> **Source data**

--

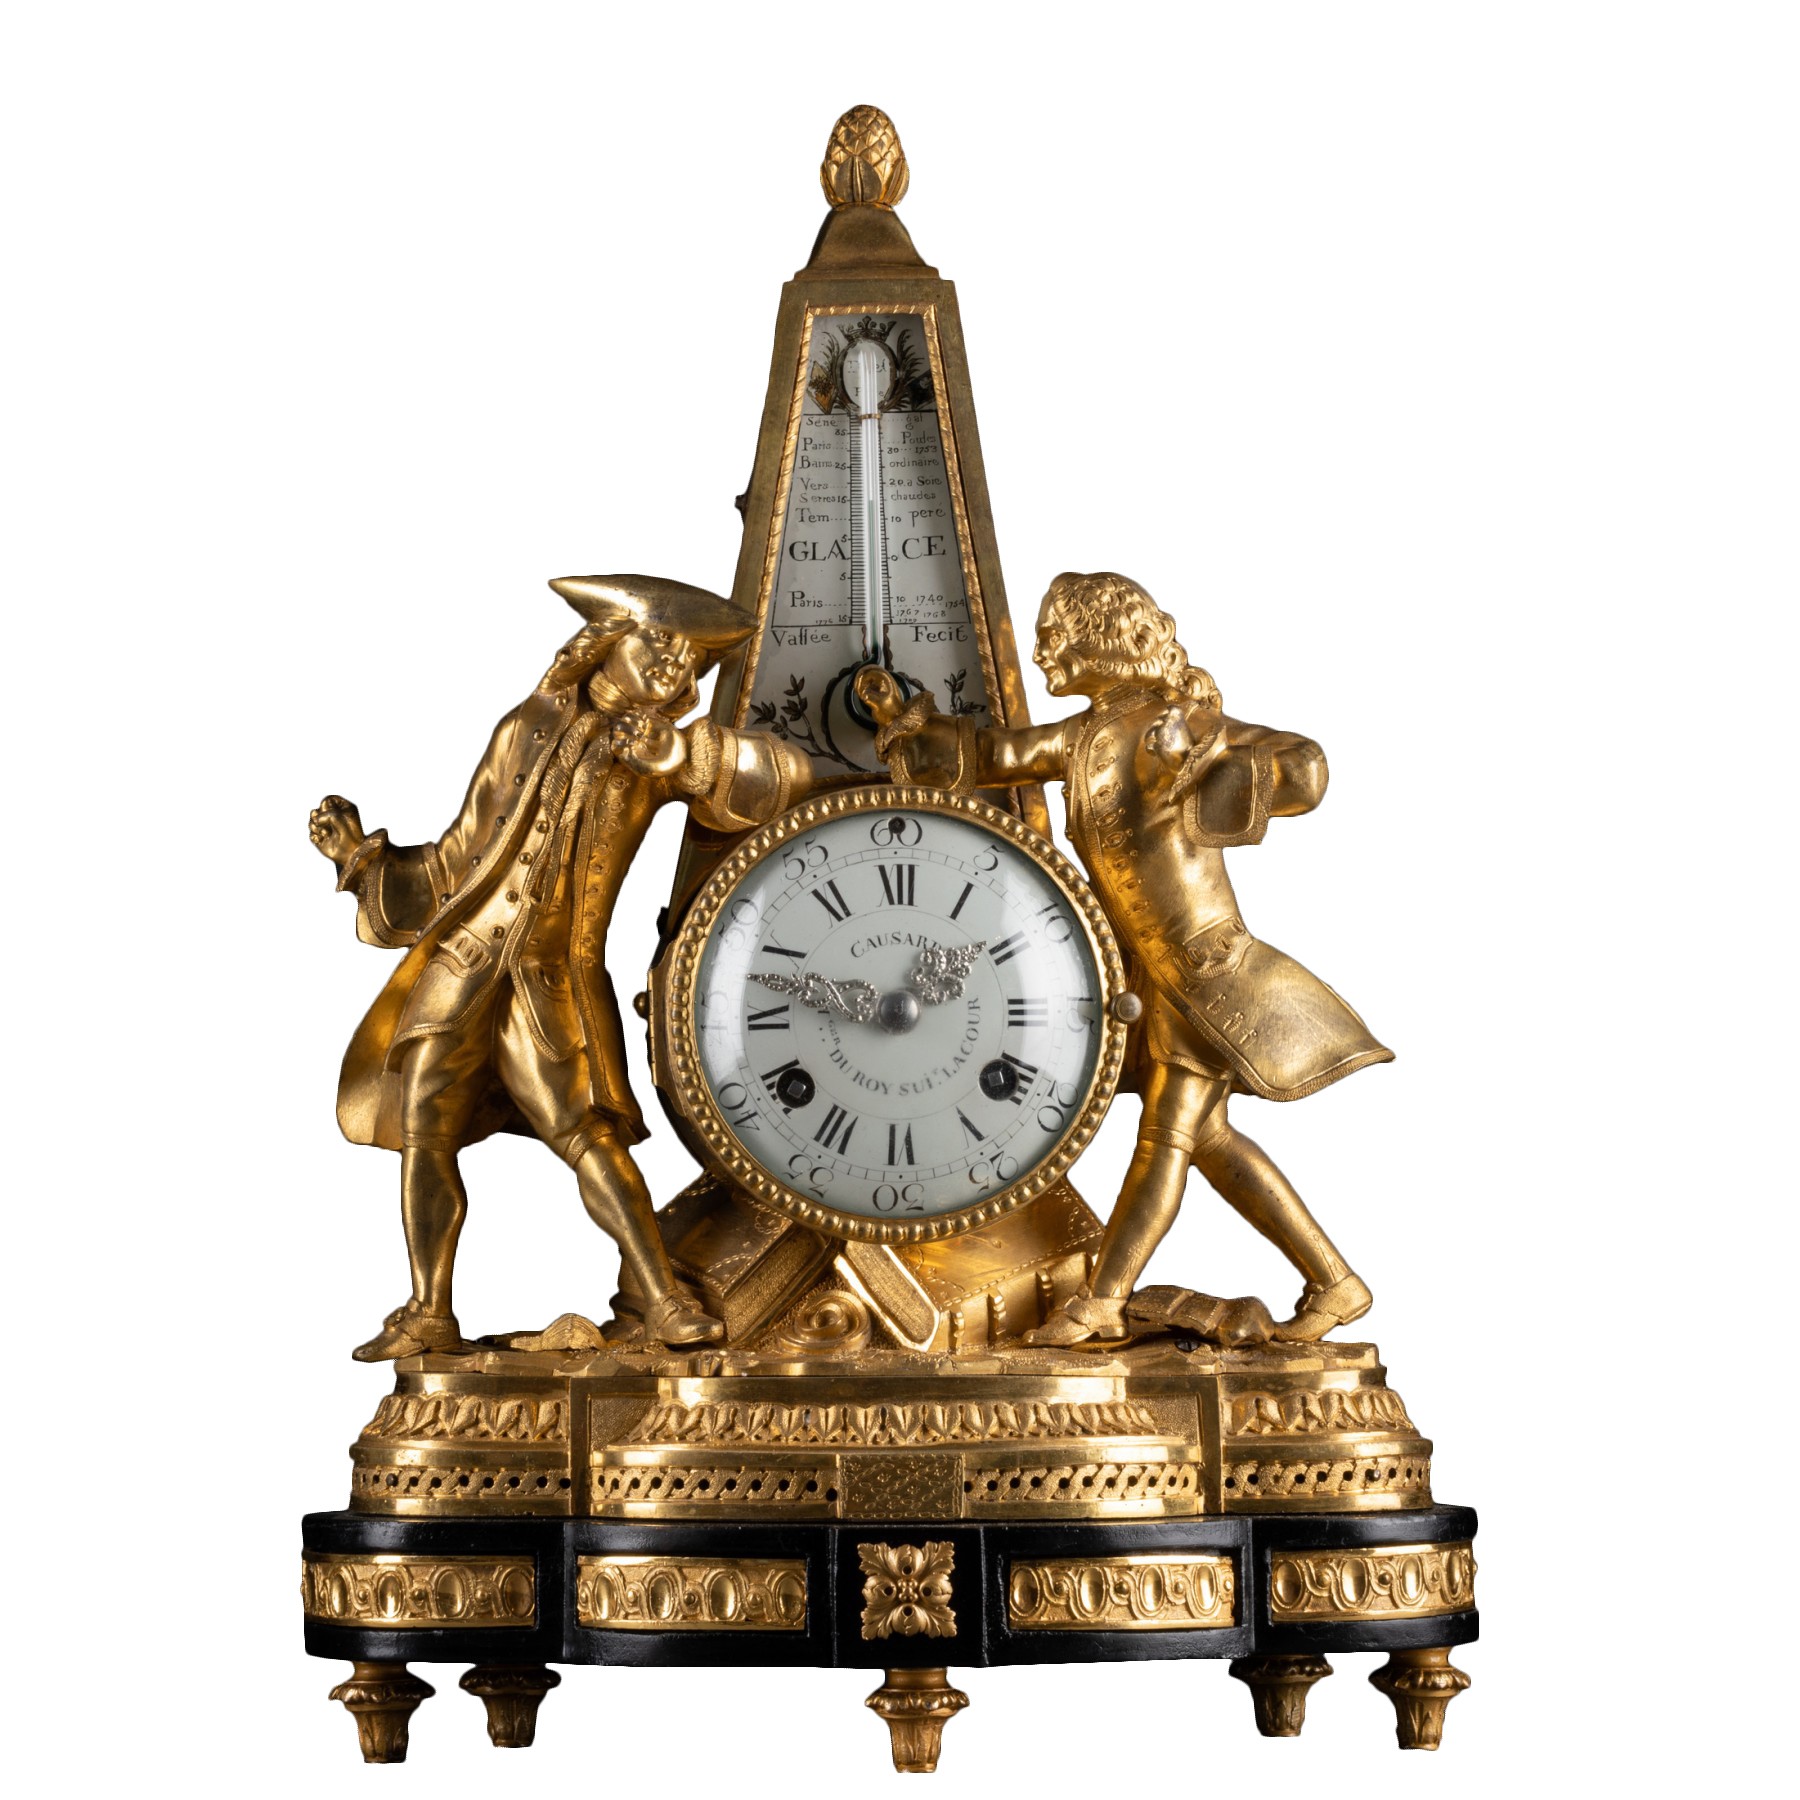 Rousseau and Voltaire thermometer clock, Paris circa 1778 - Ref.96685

--

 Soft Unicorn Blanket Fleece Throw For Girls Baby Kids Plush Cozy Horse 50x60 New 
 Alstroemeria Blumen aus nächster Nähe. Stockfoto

--

In the data above, which lines lie between the line with "Soft Unicorn Blanket" and the line with "Alstroemeria Blumen aus", inclusive? Print those lines exactly and nothing else.

 Soft Unicorn Blanket Fleece Throw For Girls Baby Kids Plush Cozy Horse 50x60 New 
 Alstroemeria Blumen aus nächster Nähe. Stockfoto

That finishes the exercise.